(Beginning of Collected data)

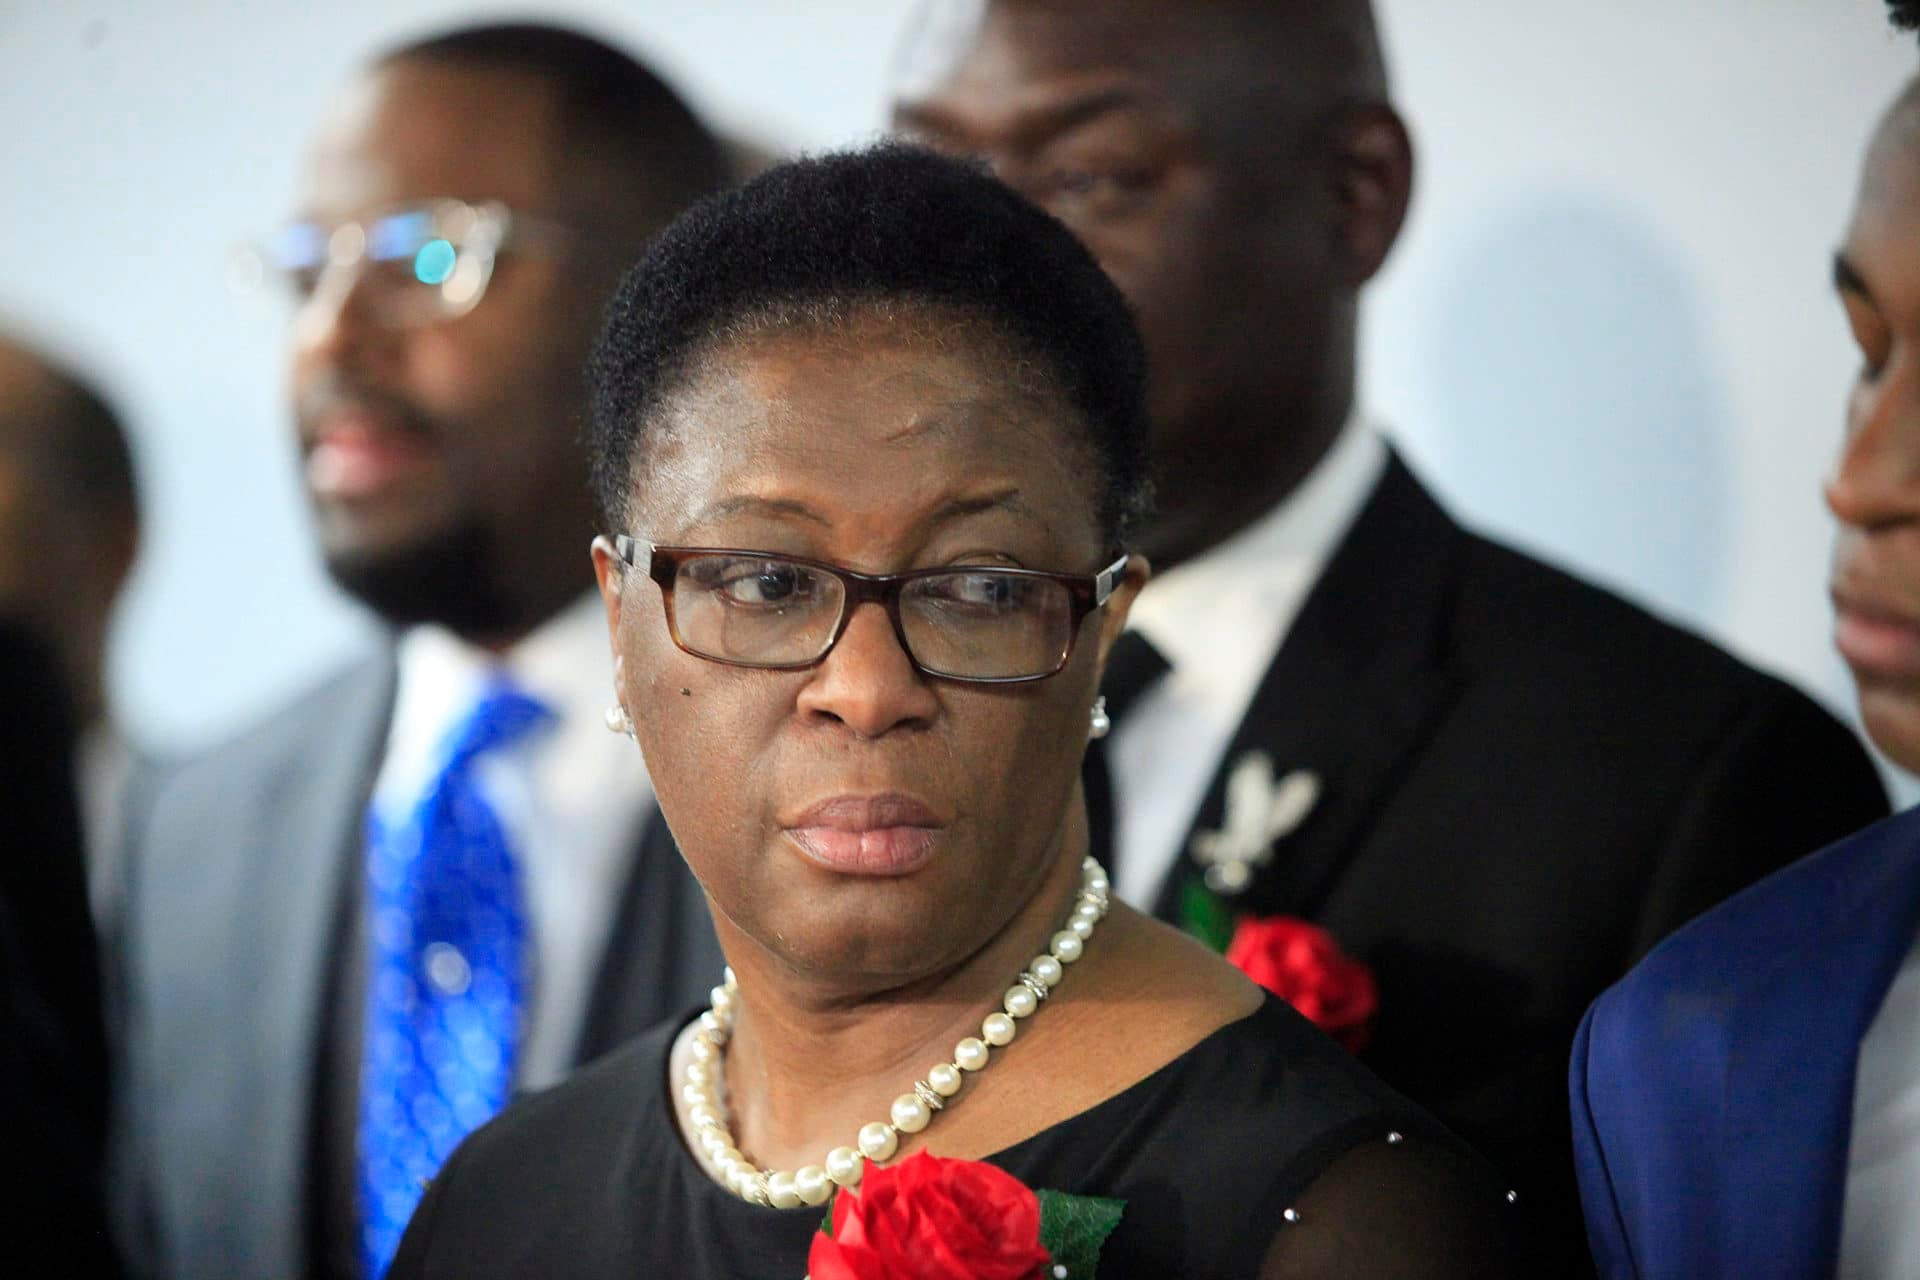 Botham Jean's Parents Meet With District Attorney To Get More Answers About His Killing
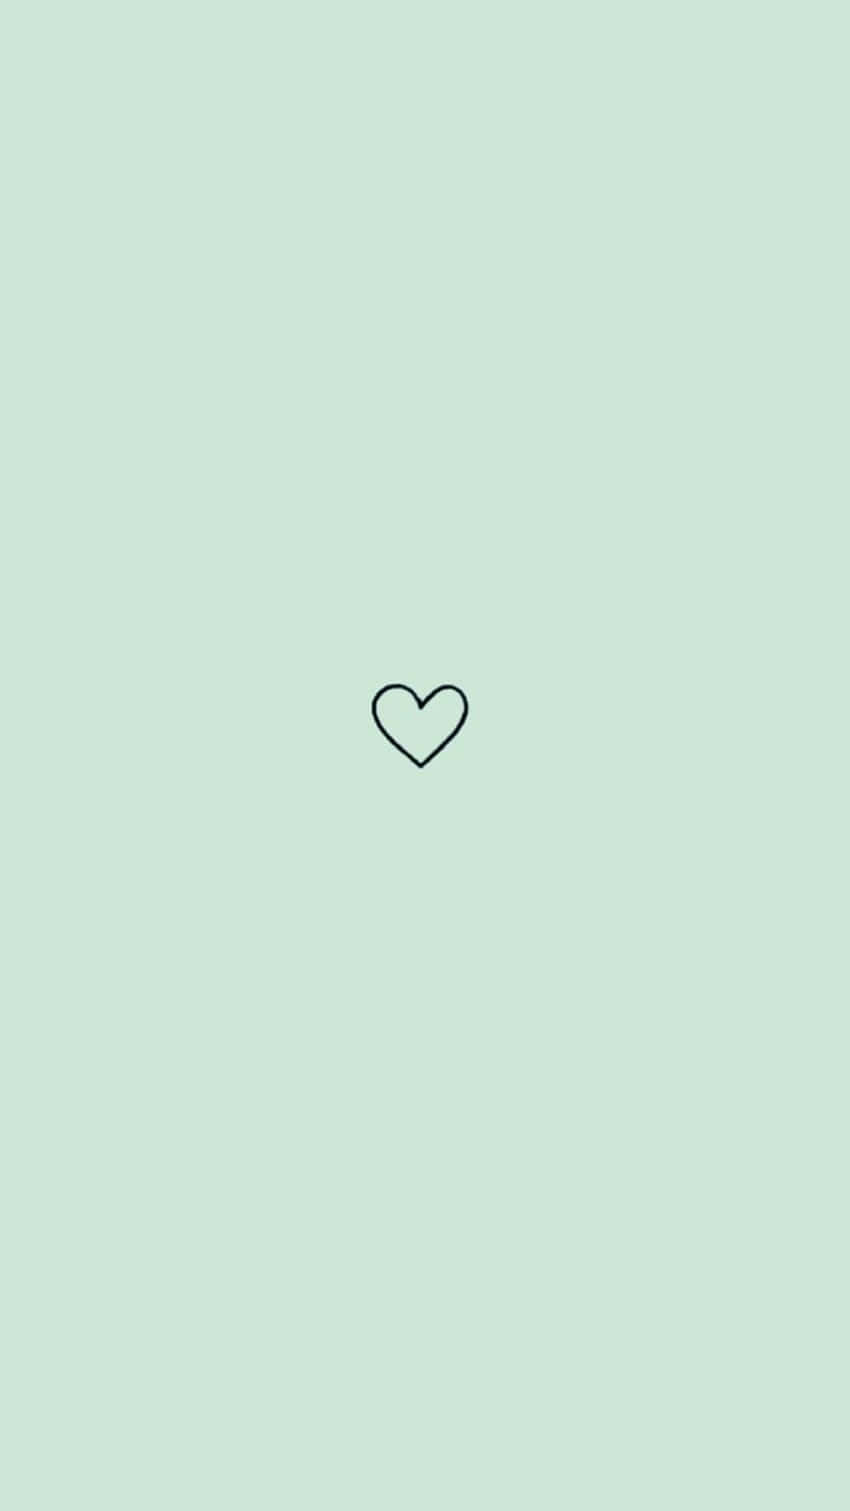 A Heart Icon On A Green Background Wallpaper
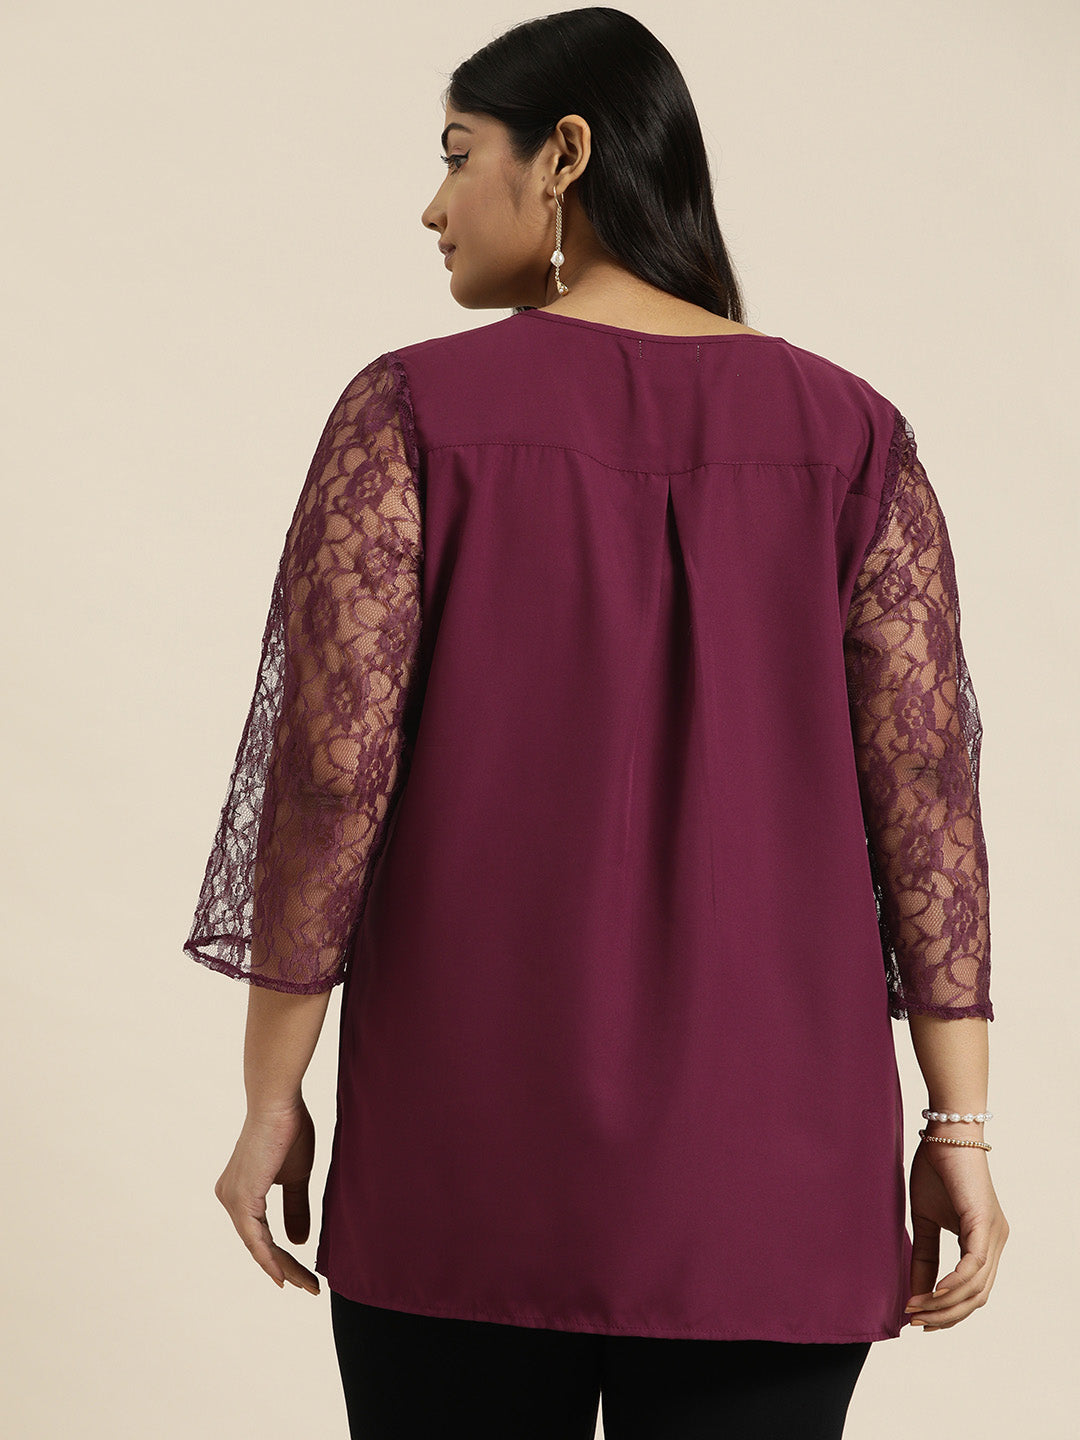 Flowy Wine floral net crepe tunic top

(End of Collected data)

(Aim of the exercise):
Output the listing above exactly as it stands; no picture should appear.

(Solution to the problem):
 Botham Jean's Parents Meet With District Attorney To Get More Answers About His Killing
 A Heart Icon On A Green Background Wallpaper
 Flowy Wine floral net crepe tunic top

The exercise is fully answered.